In late April 1942, Navajo sailed to Canton Island where she and other vessels attempted the unsuccessful salvage of the 502 ft. troop ship SS President Taylor, who had been grounded on a coral reef. Navajo then returned to Pearl Harbor, where she got underway for the war zone on 12 July 1942. Arriving in the New Hebrides just after the landings on Guadalcanal, she supported operations in the Solomons with repair and salvage work at Espiritu Santo, Nouméa, Tongatapu, and Suva, as well as under battle conditions at Tulagi, Guadalcanal, and Rennell. In October the tug assisted with rescue of survivors aboard the troop transport President Coolidge after she struck mines in the entrance to the harbor at Espíritu Santo.
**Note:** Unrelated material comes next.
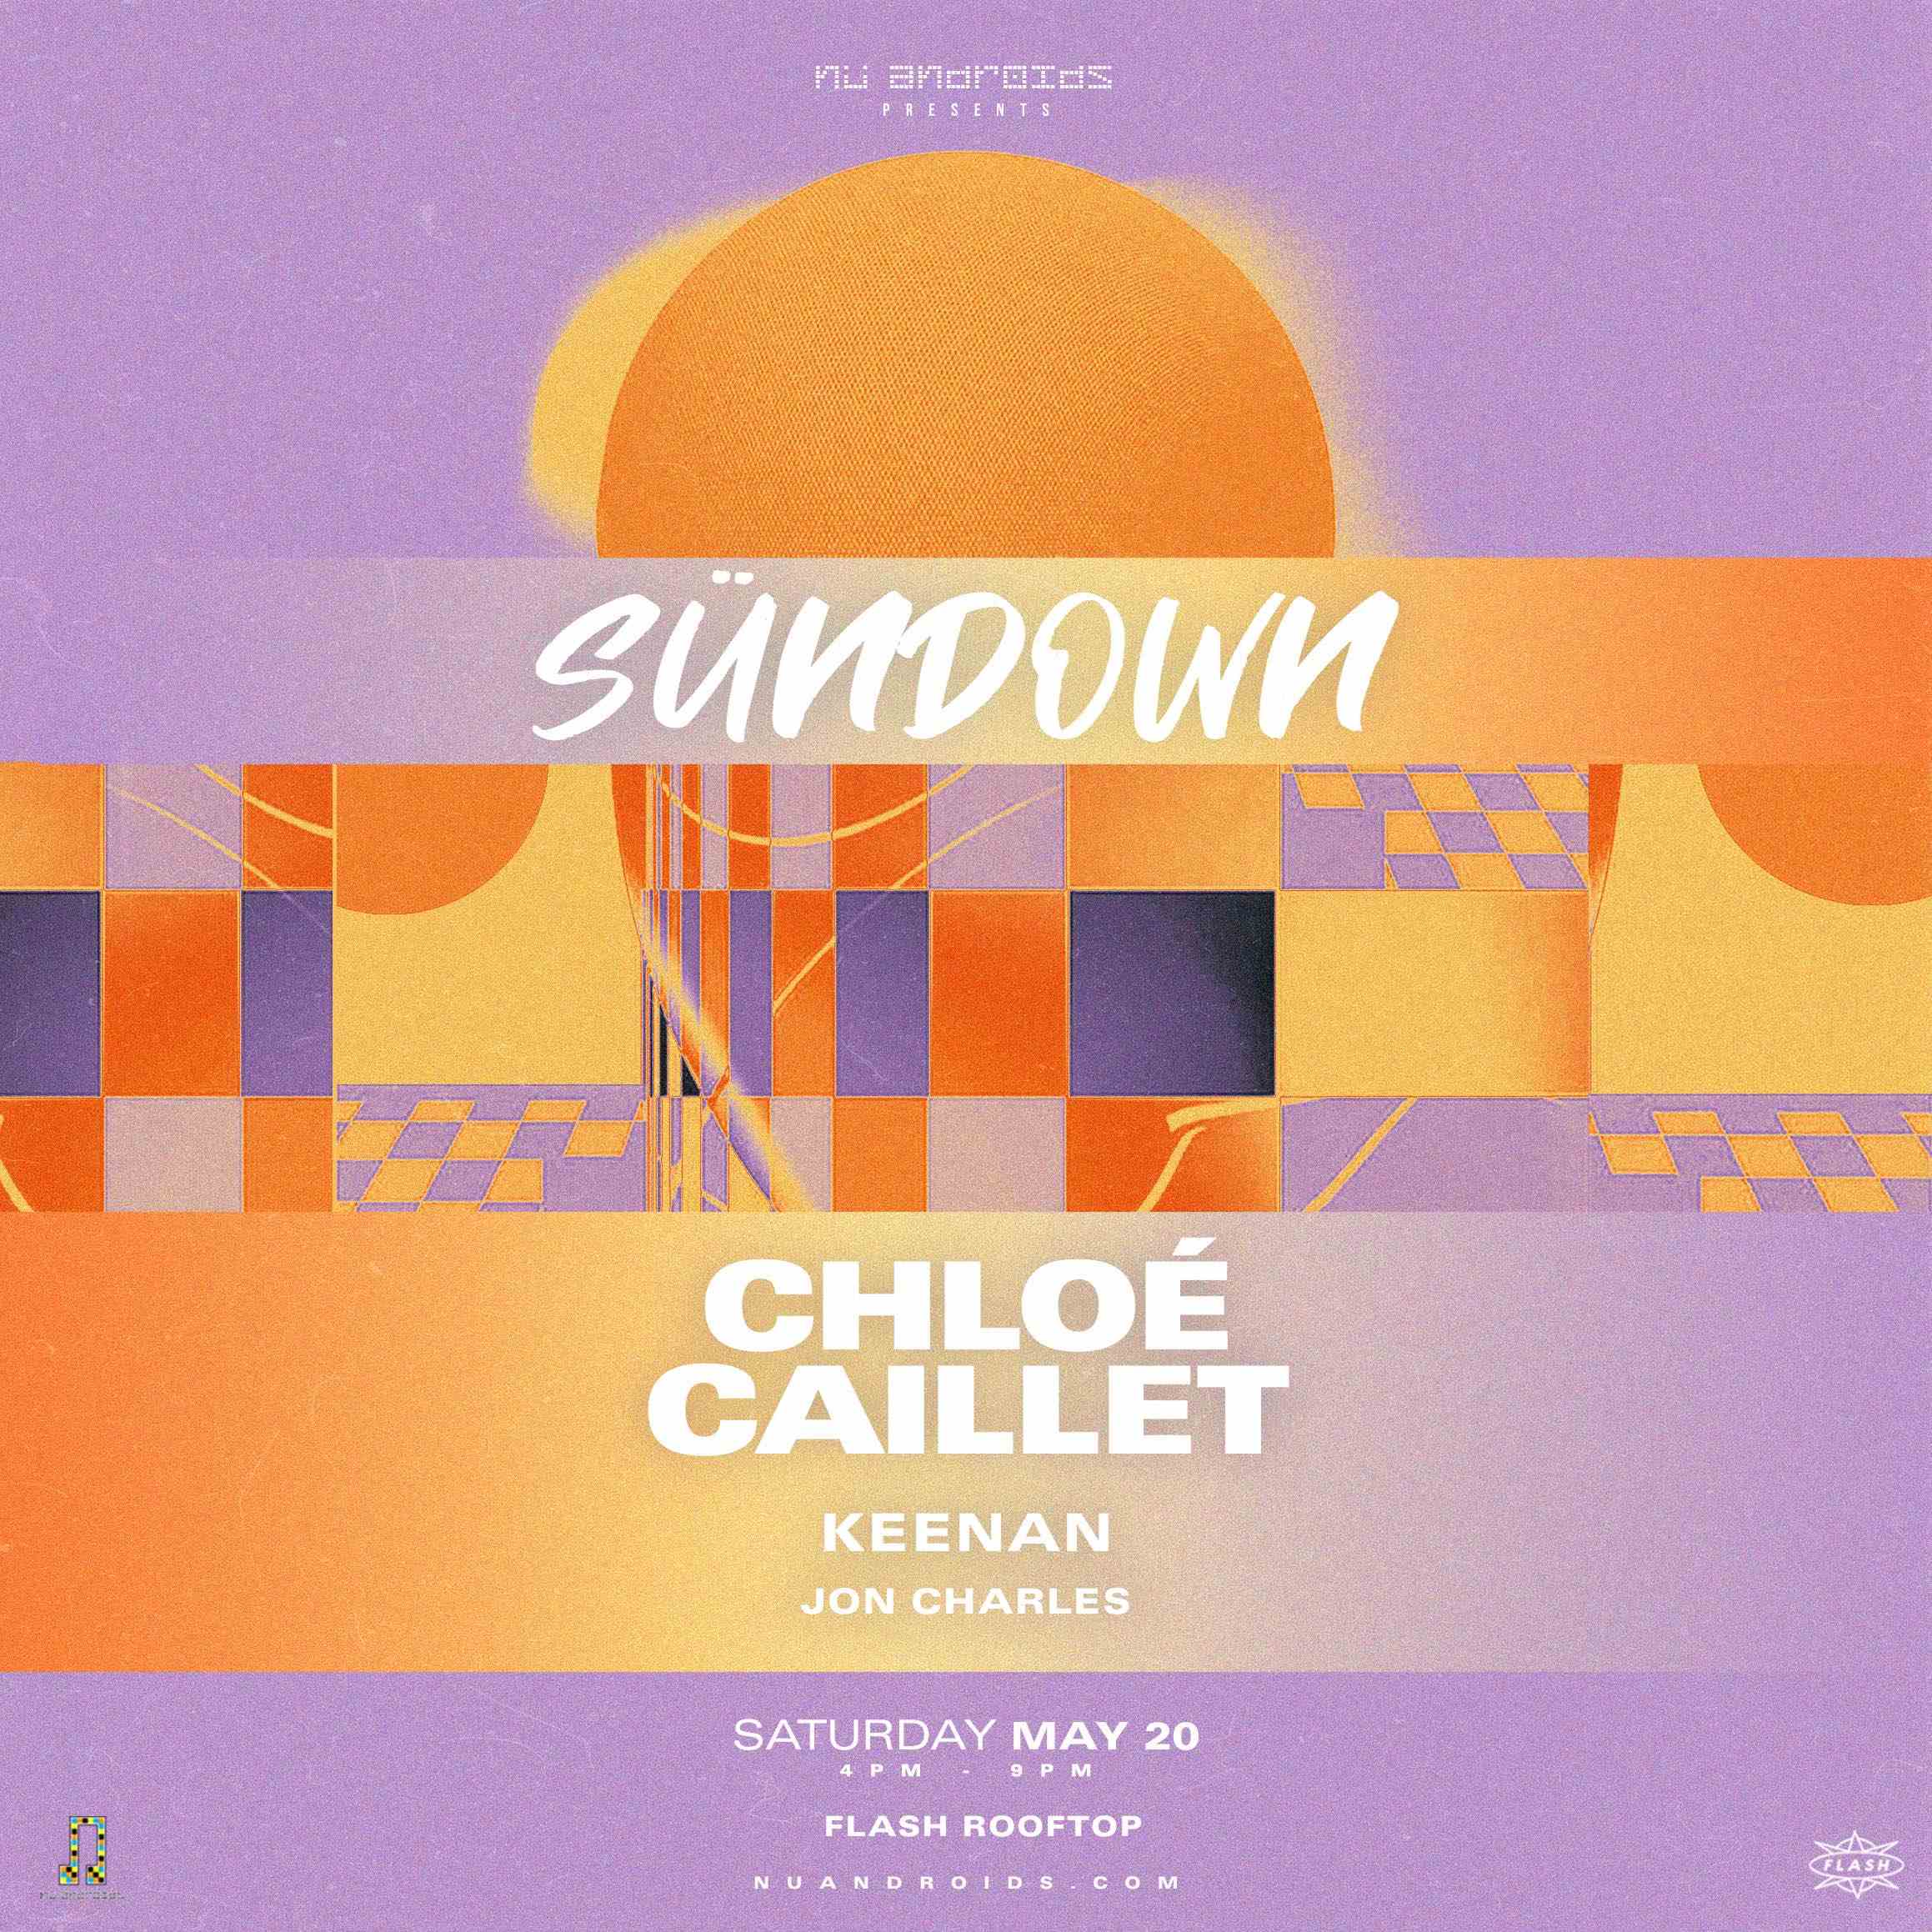 Nü Androids Presents SünDown: Chloé Caillet (21+) event flyer

Navajo took off 440 survivors which were transferred to the cruiser USS Chester. Towing assignments during those operations took the vessel throughout the island groups of the South Pacific, and once in late November-early December, 1942 to Sydney, Australia.

On January 30, 1943, Navajo attempted to tow the badly damaged heavy cruiser USS Chicago away from the combat zone during the Battle of Rennell Island, but was unsuccessful as Chicago was finished off by a squadron of Japanese torpedo bombers. She then towed to safety the destroyer USS La Vallette, who had suffered a torpedo hit during the battle.

== Stateside overhaul ==
In the spring of 1943, Navajo returned to California, underwent overhaul, and in July 1943 got underway to return to the South Pacific. Steaming via Pago Pago, she arrived at Bora Bora on 21 August 1943 and commenced salvage and repair work on . At the end of the month, the ship sailed for Pago Pago, whence she got underway to tow gasoline barge YOG–42 to Espiritu Santo.

== Sunk by torpedo ==
While en route to Espiritu Santo on 12 September 1943, the ship was torpedoed by Type B1 submarine I-39 and rocked by an explosion. Within seconds, a heavy starboard list resulted in a submerged starboard side. Navajo began going down rapidly by the bow and the order was given to abandon ship. As the ship settled, depth charges secured to port and starboard K-gun projectors exploded. An estimated two minutes had passed before the tug sank. 17 members of her crew died during the attack.

== Awards ==
- American Defense Service Medal
- American Campaign Medal
- Asiatic-Pacific Campaign Medal with two battle stars (NavSource notes the tug was awarded a battle star for her salvage operations between 8 August 1942 and 3 February 1943.)